[Records to use Boundary: Start]

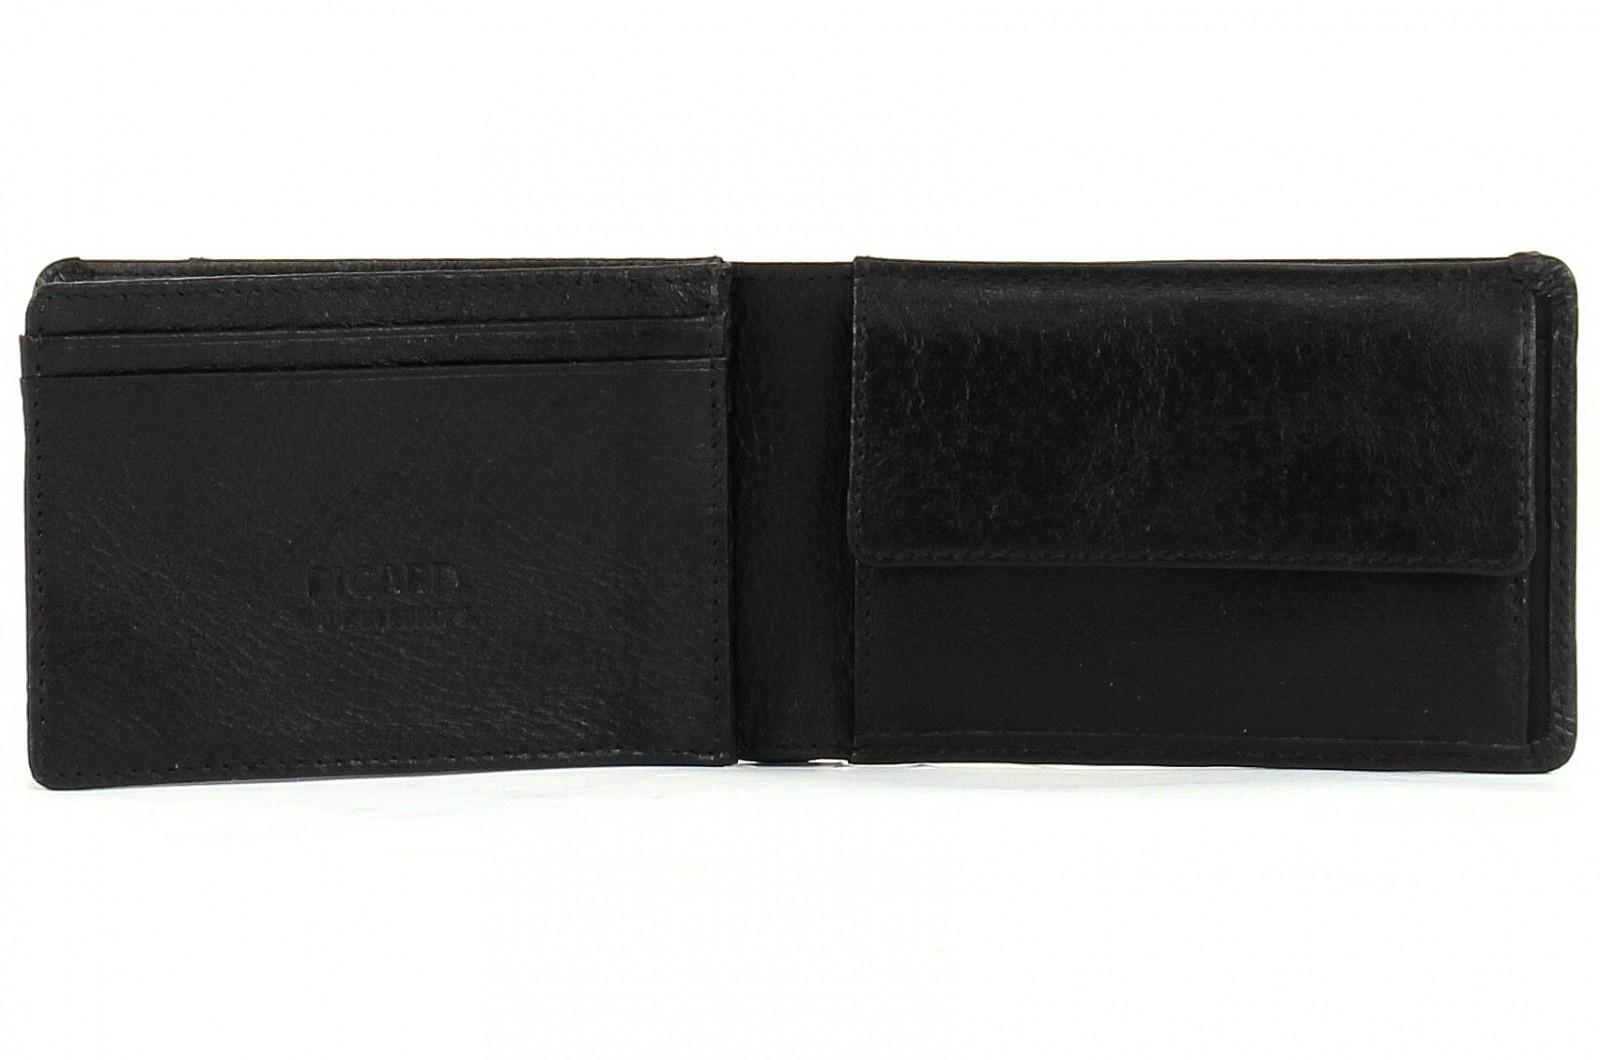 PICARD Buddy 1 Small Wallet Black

[Records to use Boundary: End]
[Records to use Boundary: Start]

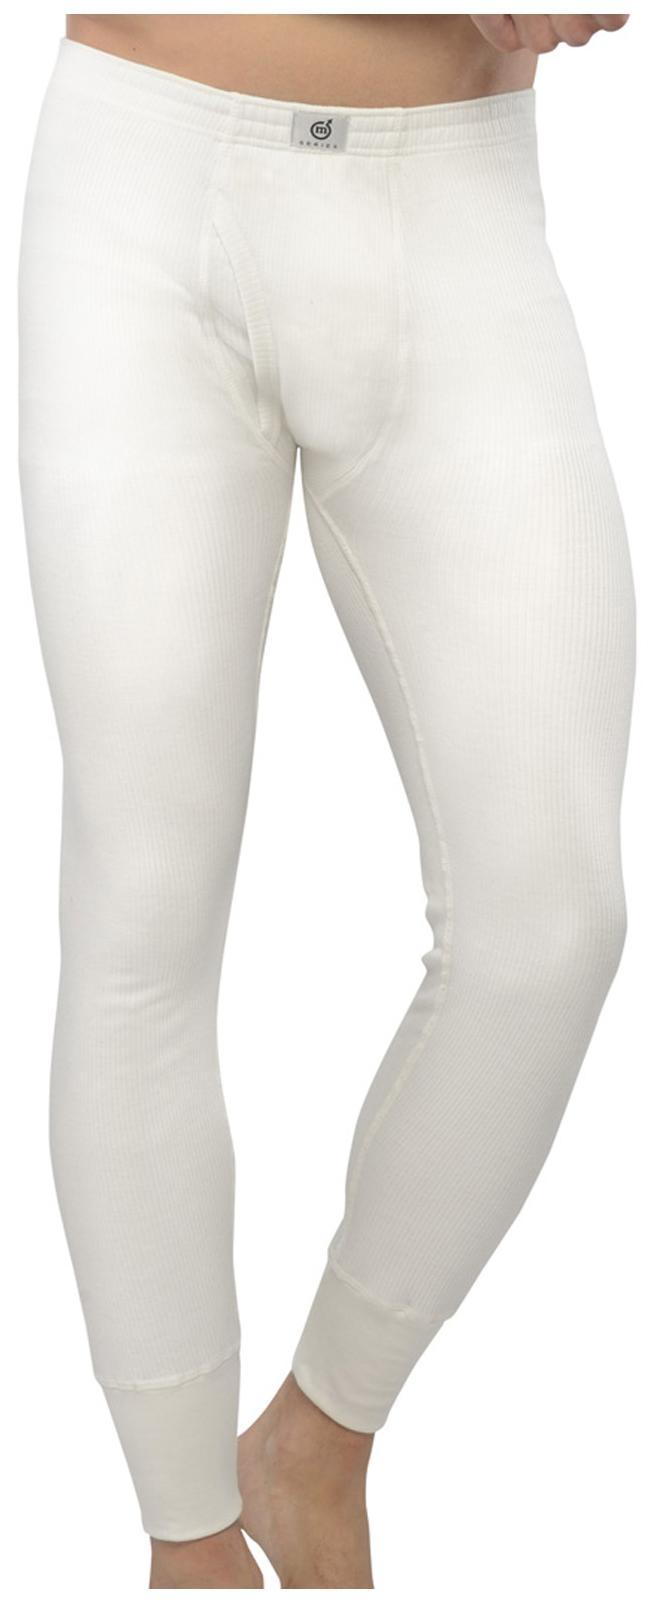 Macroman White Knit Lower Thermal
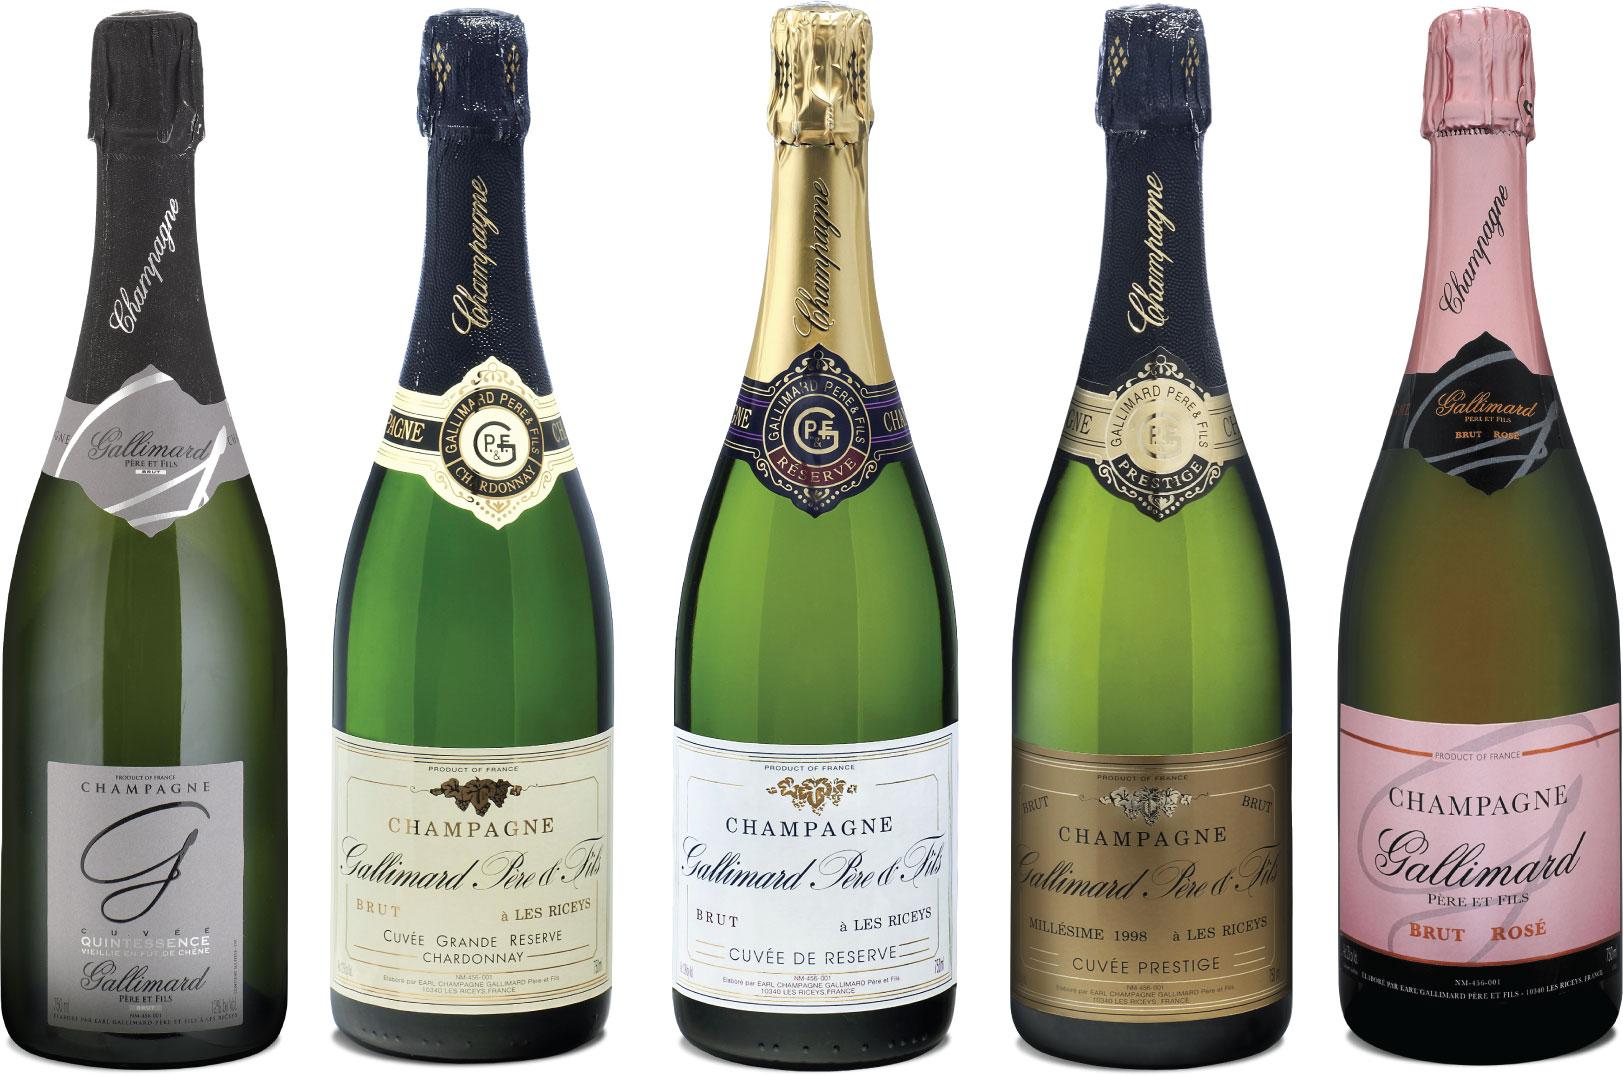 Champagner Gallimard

[Records to use Boundary: End]
[Records to use Boundary: Start]

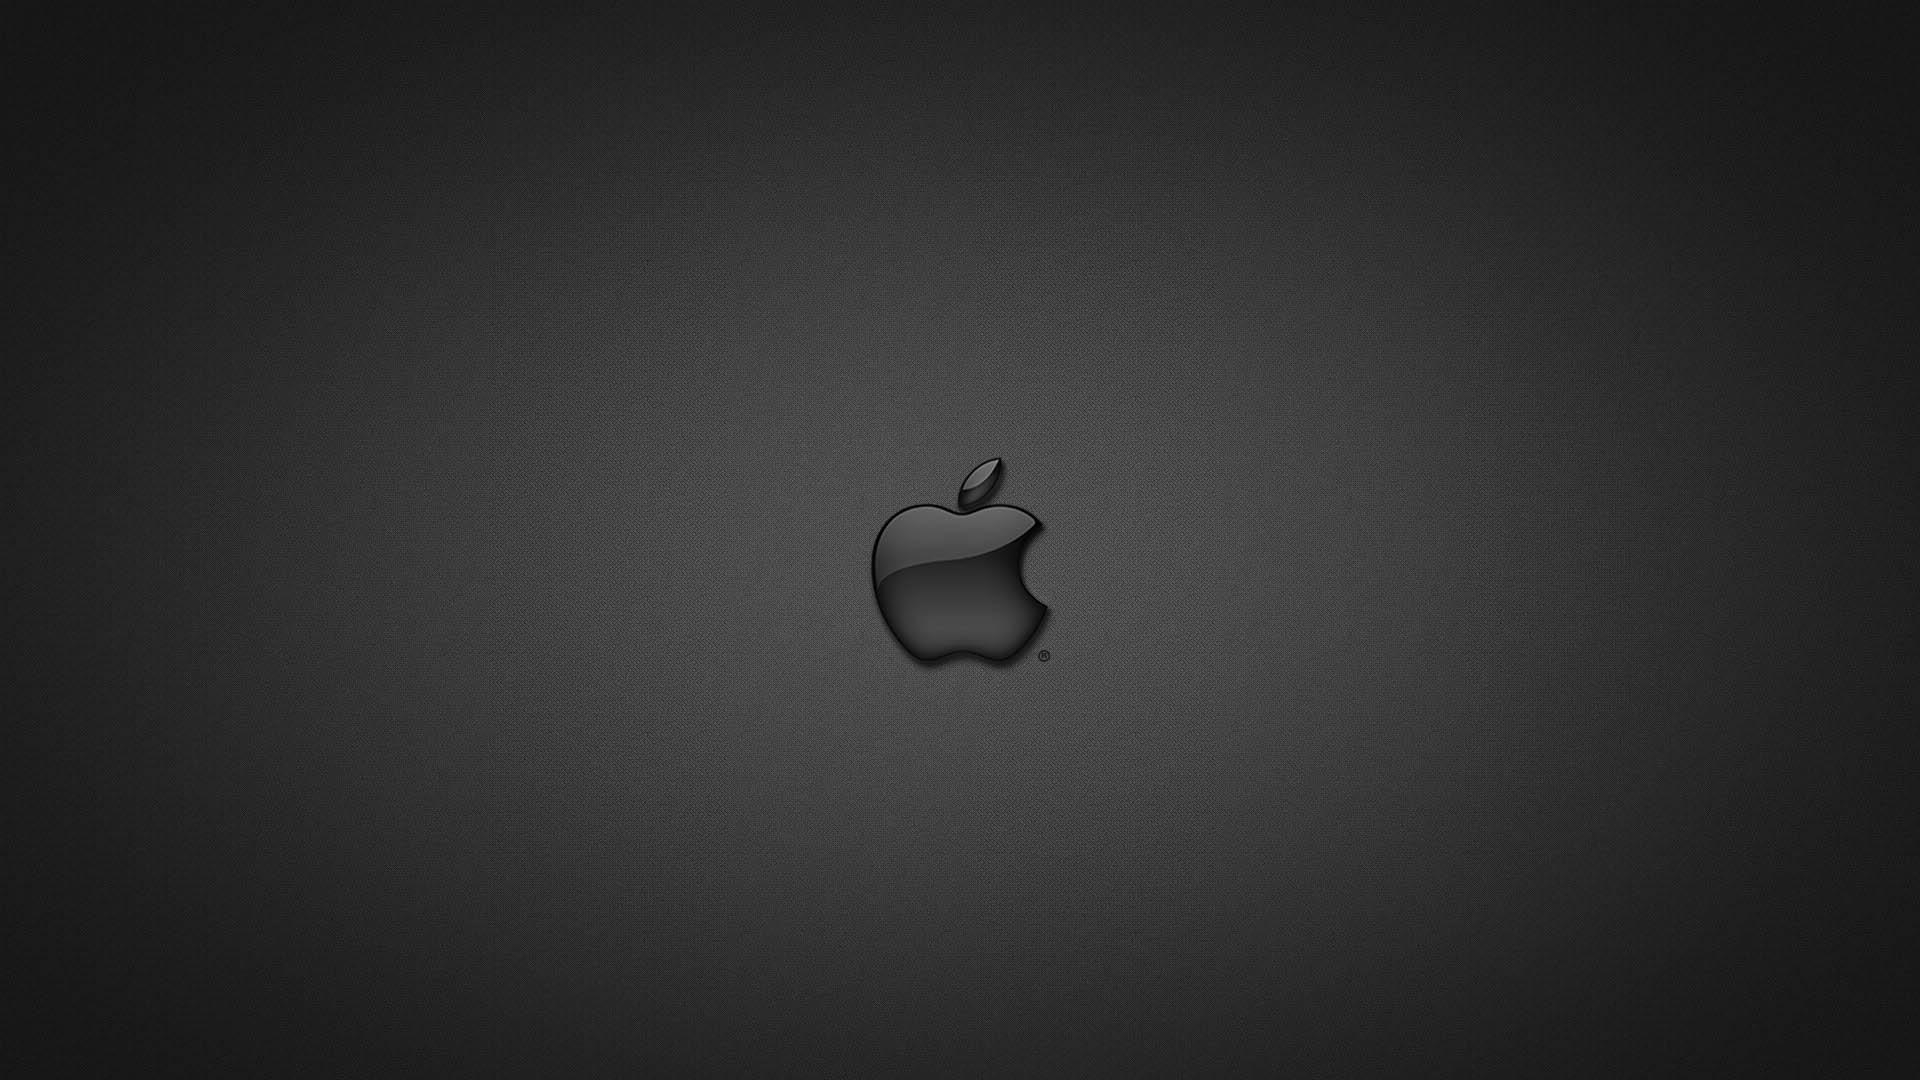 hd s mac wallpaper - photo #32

[Records to use Boundary: End]

Work to be completed => Beginning with the line holding "Macroman White Knit Lower Thermal" in the material above, restate word for word each line through the line holding "Champagner Gallimard", and exclude pictures.

Reply =>
 Macroman White Knit Lower Thermal
 Champagner Gallimard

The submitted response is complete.